Антуан де Сент-Экзюпери - Письма, телеграммы, записи Страница 17
- Категория: Документальные книги / Прочая документальная литература
- Автор: Антуан де Сент-Экзюпери
- Год выпуска: неизвестен
- ISBN: нет данных
- Издательство: неизвестно
- Страниц: 25
- Добавлено: 2018-12-14 12:30:52
Антуан де Сент-Экзюпери - Письма, телеграммы, записи краткое содержание
Прочтите описание перед тем, как прочитать онлайн книгу «Антуан де Сент-Экзюпери - Письма, телеграммы, записи» бесплатно полную версию:Антуан де Сент-Экзюпери - Письма, телеграммы, записи читать онлайн бесплатно
Вы мне писали? Если писали, то о чем? Я не получил никакого ответа на свое письмо. Остерегайтесь передавать письма с оказией, даже если доверяете гонцам. Беда в том, что люди ленивы. Приехав сюда, они, не имея в своем распоряжении автомобиля, сдают письмо на почту. А это все равно, что пропечатать его в газетах…
— Очень, очень милый человек, но придется его расстрелять…
— За что?
— Он причина того, что в Соединенных Штатах не признают генерала де Голля…
В самом деле? Как лестно! Как я горд собой!
О люди…
Этот толстый дурень С.
— В Бразилии вас хотели расстрелять!
— Вот как?
Дурнем он был всегда, а вот растолстел недавно. Опух в опале — недурно звучит!
Он только забыл прибавить, этот толстый дурень, что сам способствовал этому! Я еще тогда, в Соединенных Штатах, был вне себя от ярости: он в своих выступлениях цитировал Военного летчика в перевранном виде! Он извлекал из моей книги аргументы в пользу своей рыхлой и тупой политики! Эта улитка С. ничуть не благороднее какого-нибудь там Анри Э…[157] Что бы вы ни имели в виду, всякие мерзавцы начинают за вас цепляться и размахивать вами. Все дезертиры, все банкроты, отсиживающиеся в Южной Америке, объявили себя голлистами. Это придавало им весу. Улитки-коллаборационисты ссылались на Военного летчика, безбожно перевирая его… А что поделаешь!
Люди!
Теперь, когда он оказался без работы, от его елейных разглагольствований об иностранных делах скулы сводит.

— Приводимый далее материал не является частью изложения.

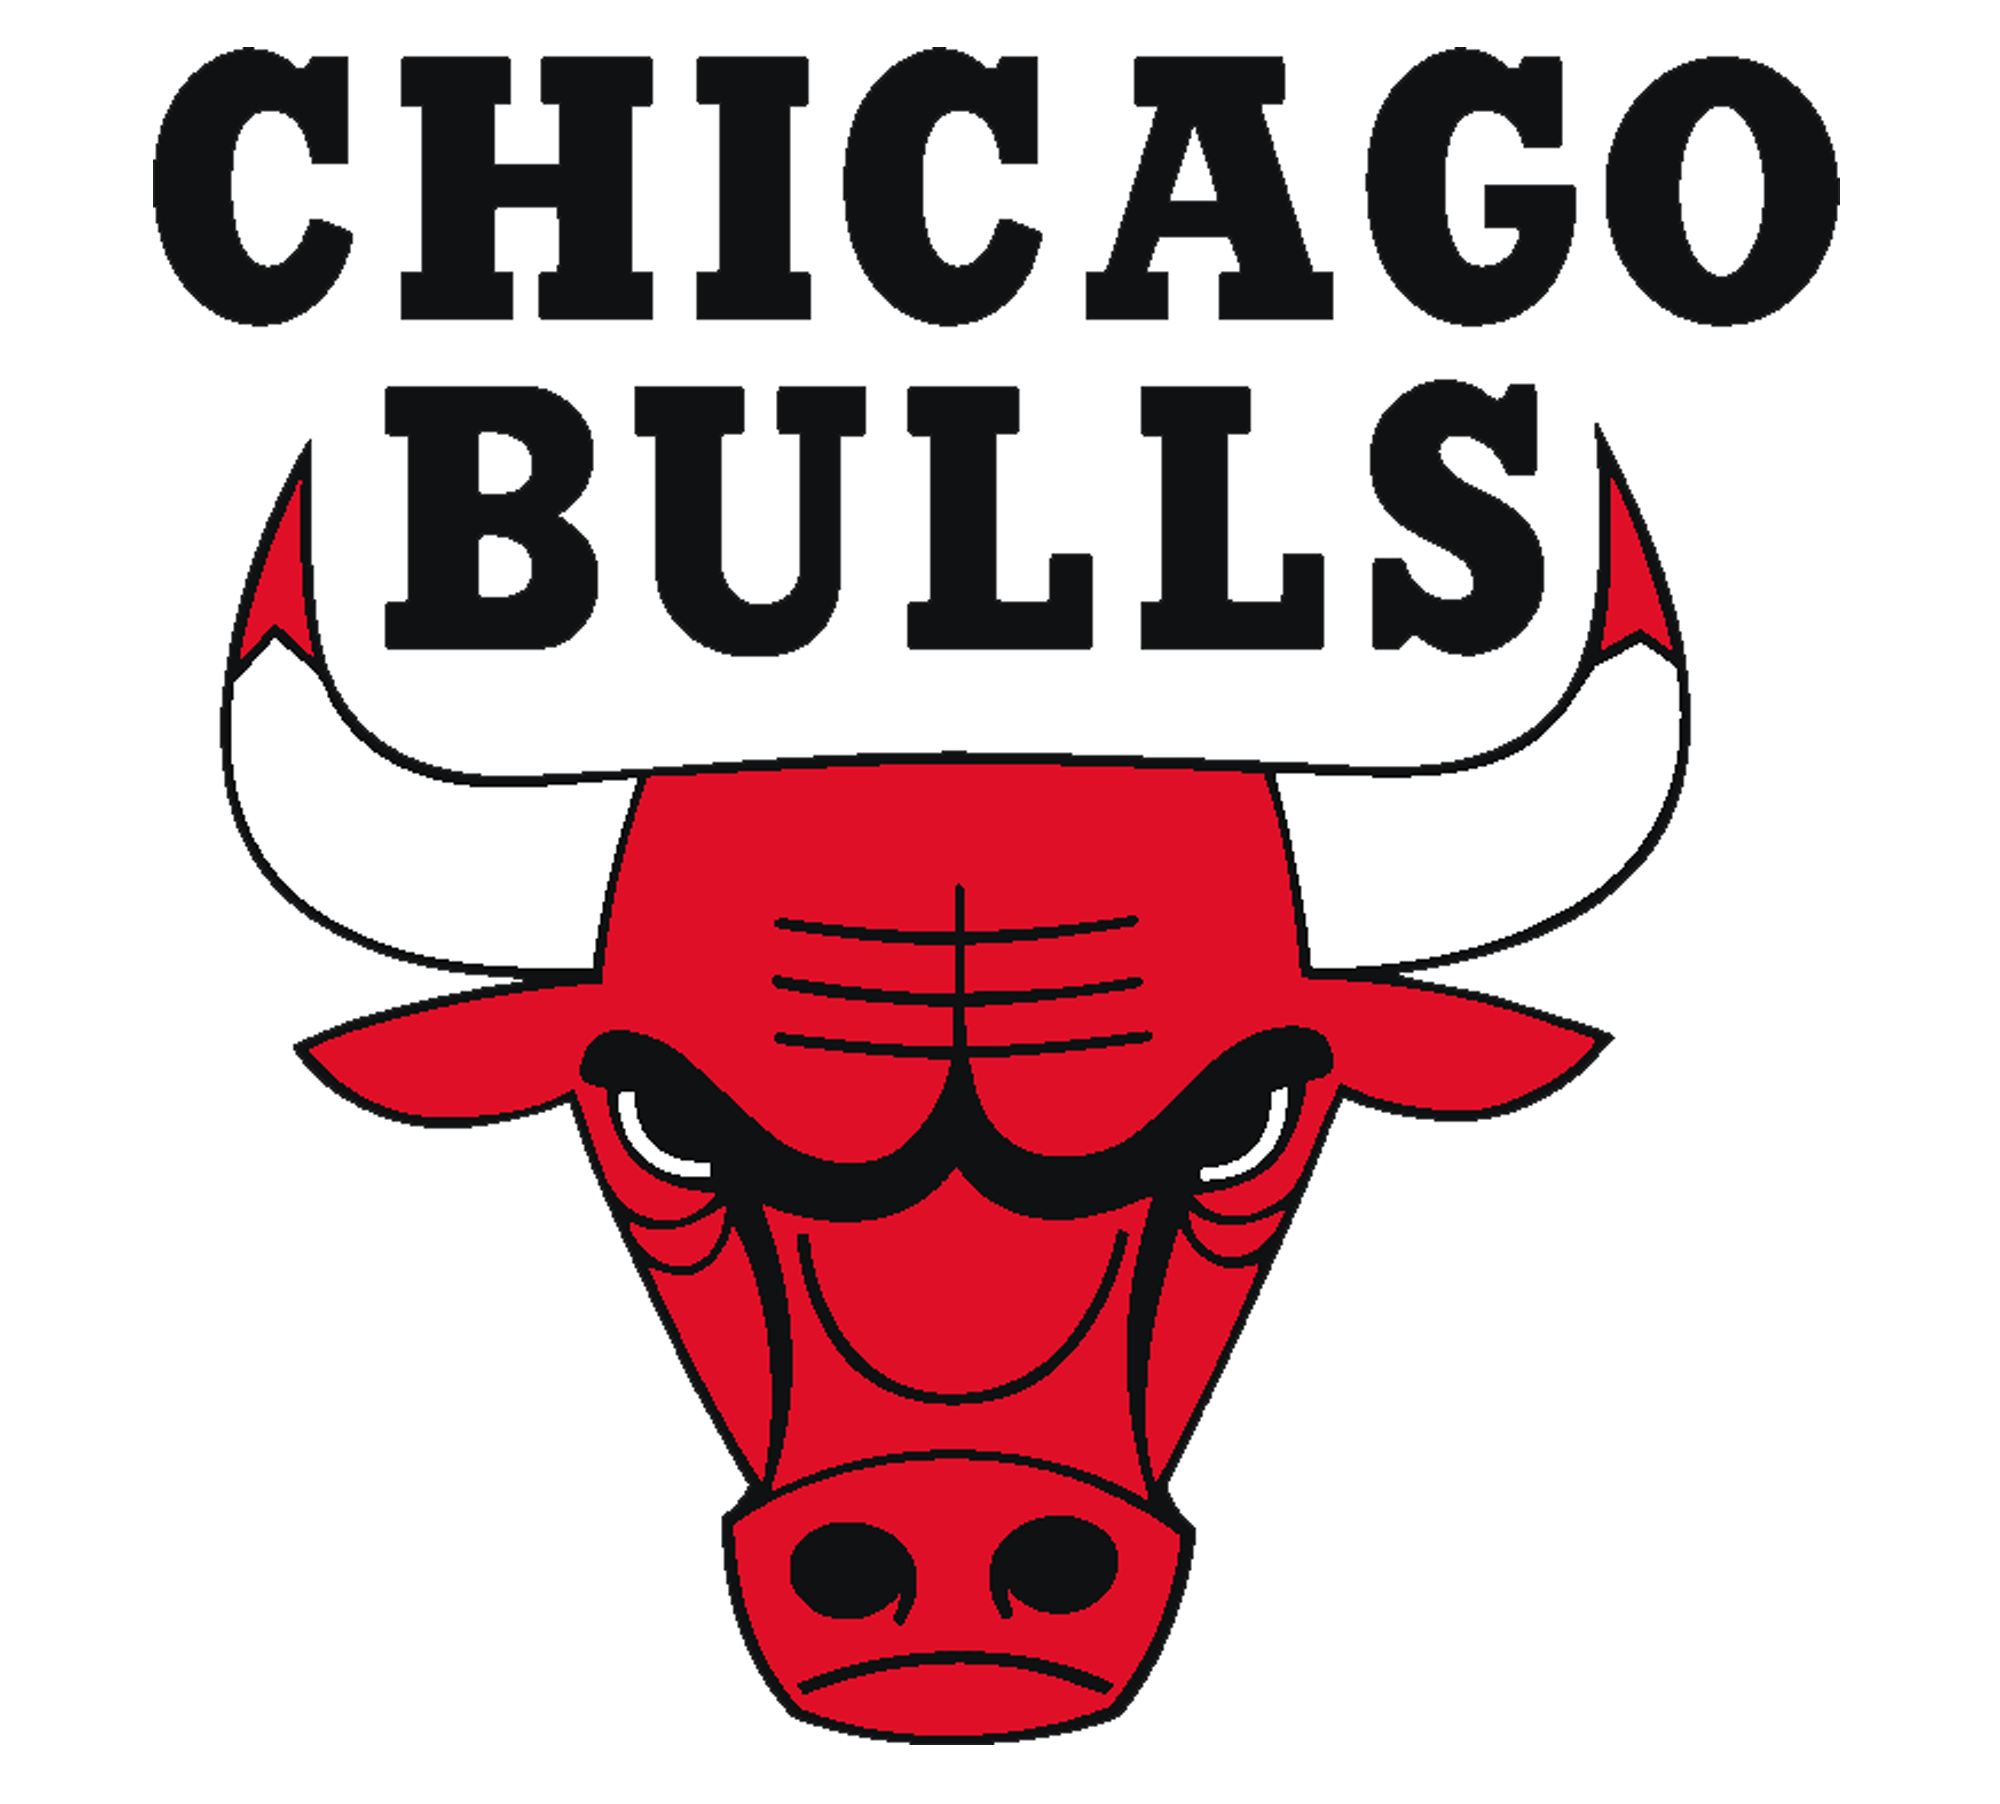 Bull Soccer Logo - Chicago Bulls Logo, Chicago Bulls Symbol Meaning, History and Evolution

Когда он говорит мне: Вы были нашей совестью! — меня мутит от омерзения. Какая совесть у сиропа!
Ненависть. Все делается под знаком ненависти. Несчастная страна! Жиро пугало огородное и как таковое шума не боится. Это сущность его военной отваги. Но, будучи пугалом, он боится ветра.
И тот, другой, для которого сам господь бог — голлист.
И вся эта банда крабов, которые умеют только одно — ненавидеть.
Ах, страна моя…
А мой министр, Летроке,[158] которого извлекли из нафталина, эксгумировали из недр музея Гревен,[159] — до чего же ему хочется, чтобы его принимали всерьез!..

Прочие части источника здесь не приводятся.